Work request:
Make an exact copy, from the records below, of the lines from the line containing "20*12*4cm Waterproof Tools" to the line containing "The Best Steak Marinade | Lauren's Latest", both lines included, excluding pictures.

Top of Records for the task

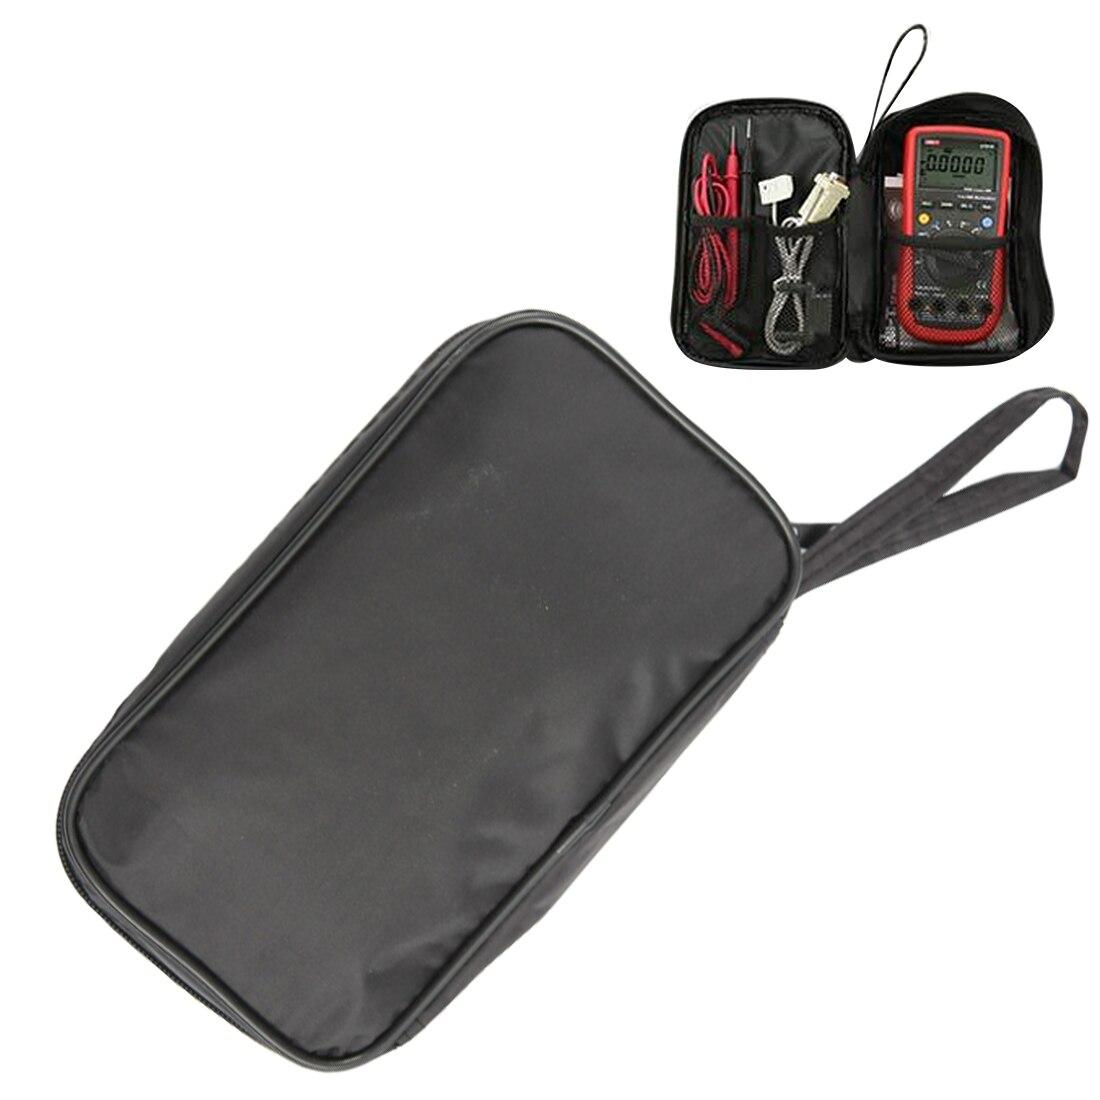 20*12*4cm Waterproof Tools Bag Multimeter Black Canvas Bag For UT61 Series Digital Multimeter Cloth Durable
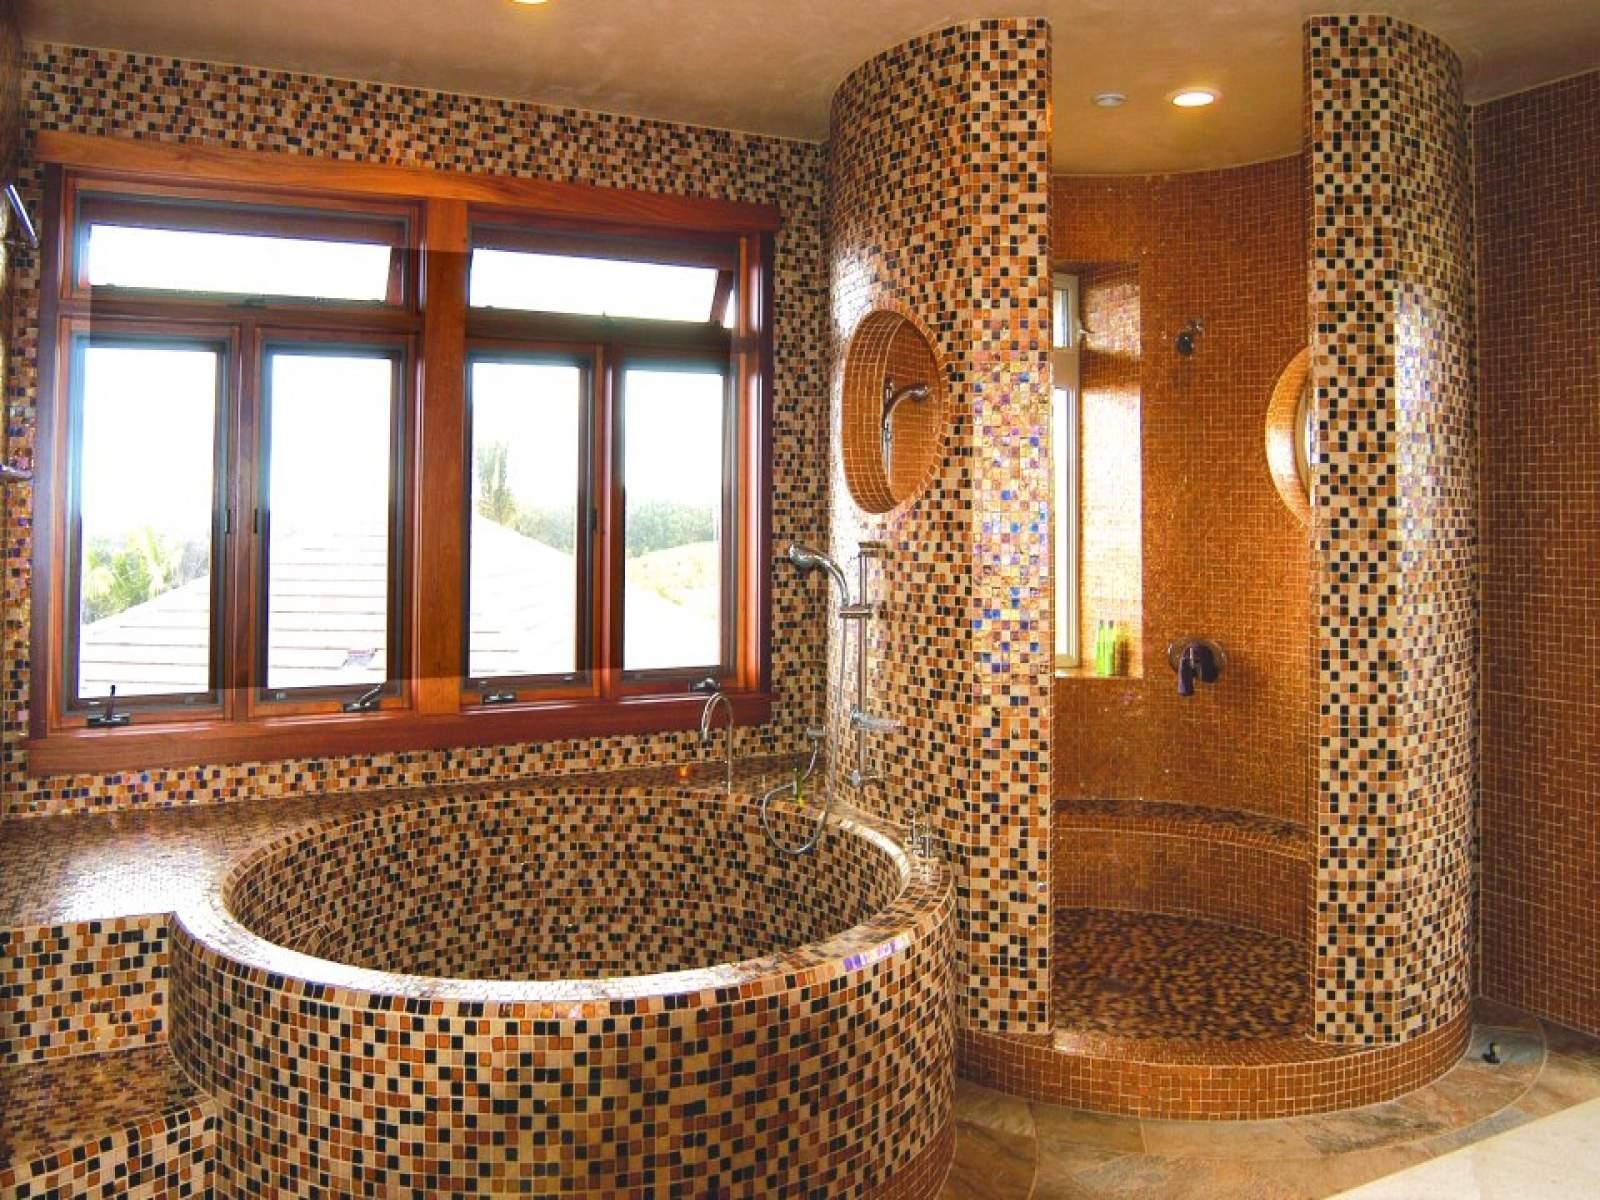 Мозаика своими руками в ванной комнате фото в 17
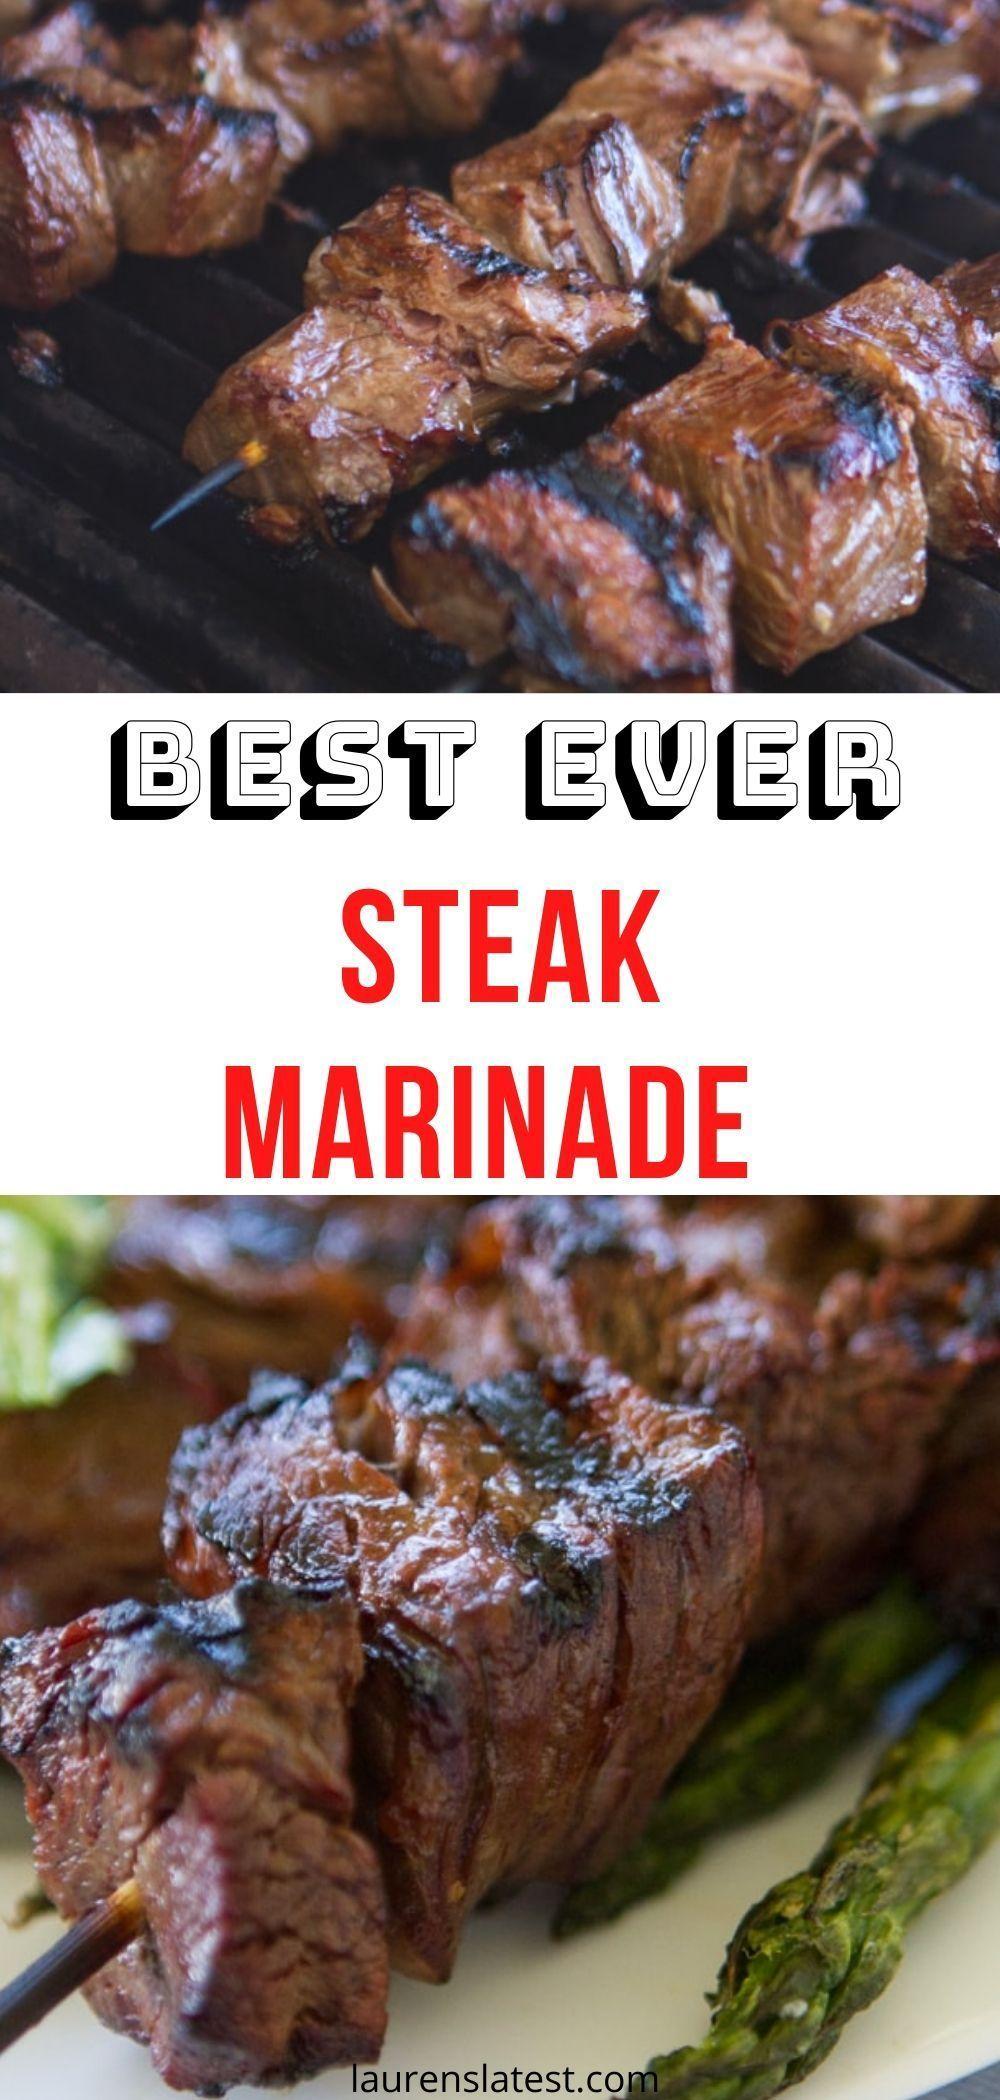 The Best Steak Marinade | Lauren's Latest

Bottom of Records for the task
Top of Records for the task

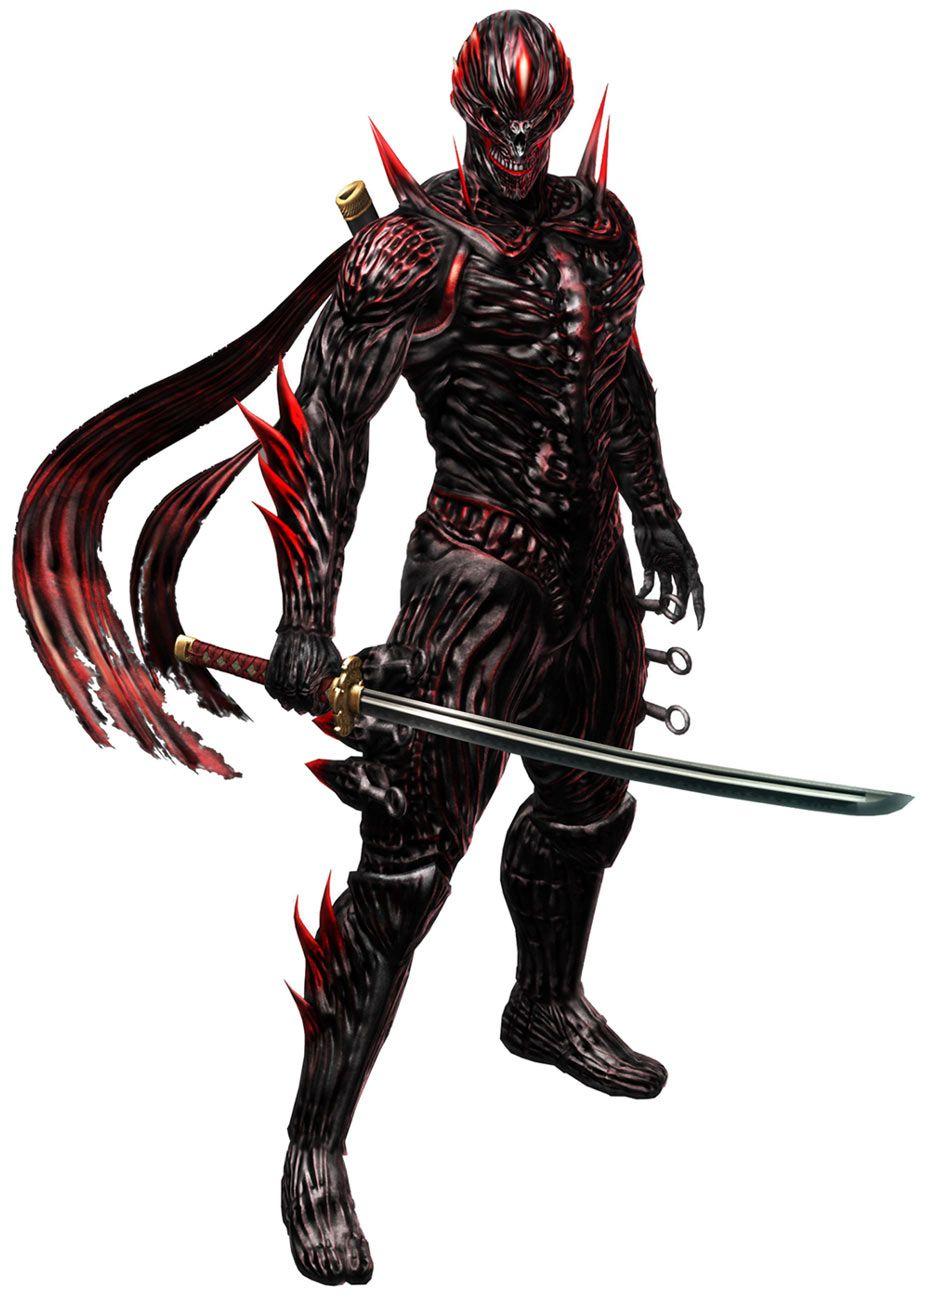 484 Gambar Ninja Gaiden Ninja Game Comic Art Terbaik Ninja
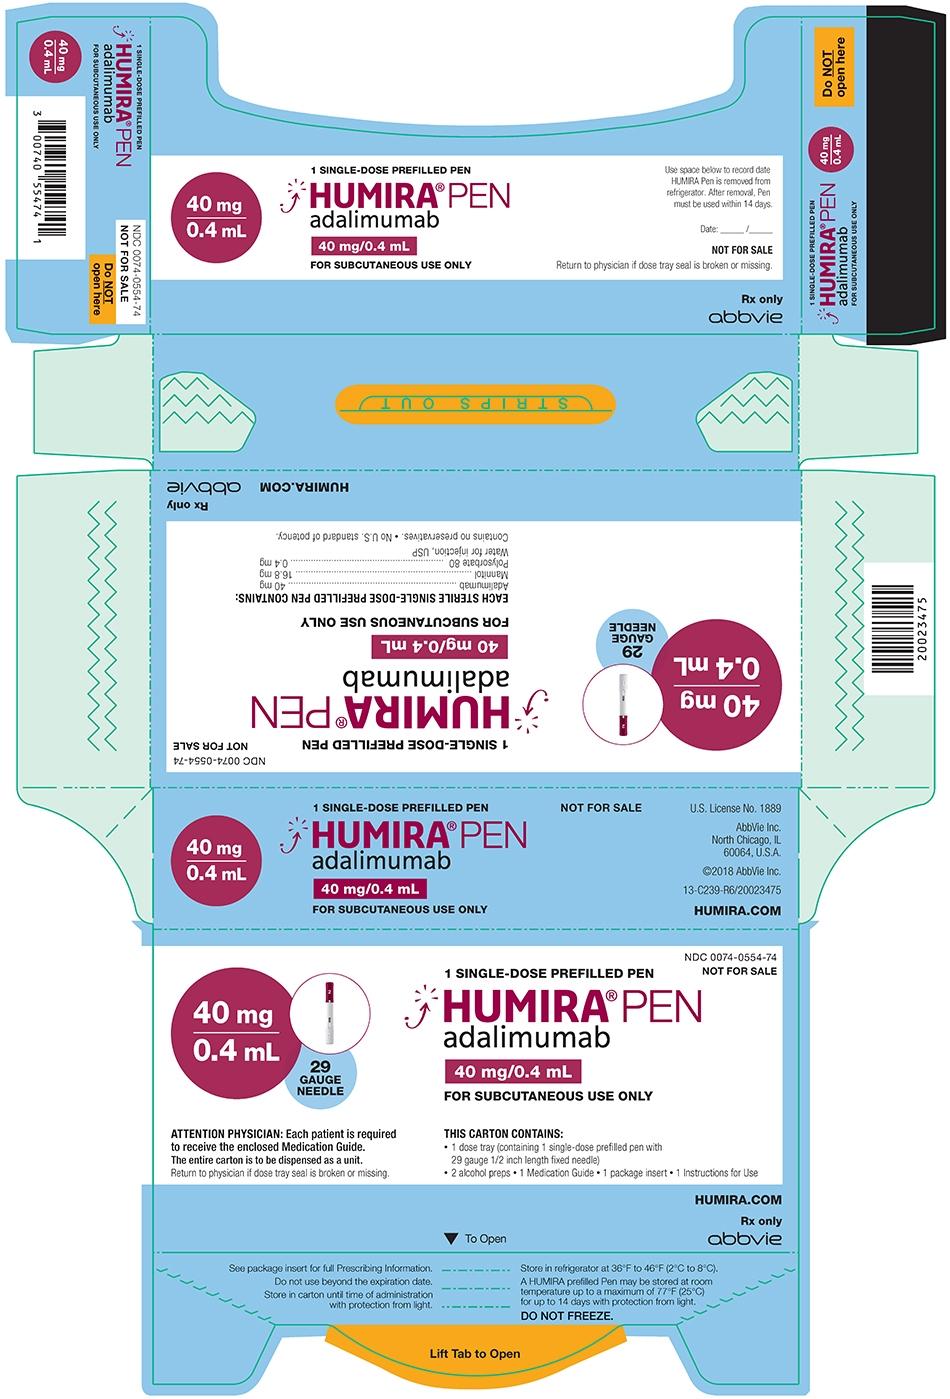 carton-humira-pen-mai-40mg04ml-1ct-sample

Bottom of Records for the task

Completed task:
 20*12*4cm Waterproof Tools Bag Multimeter Black Canvas Bag For UT61 Series Digital Multimeter Cloth Durable
 Мозаика своими руками в ванной комнате фото в 17
 The Best Steak Marinade | Lauren's Latest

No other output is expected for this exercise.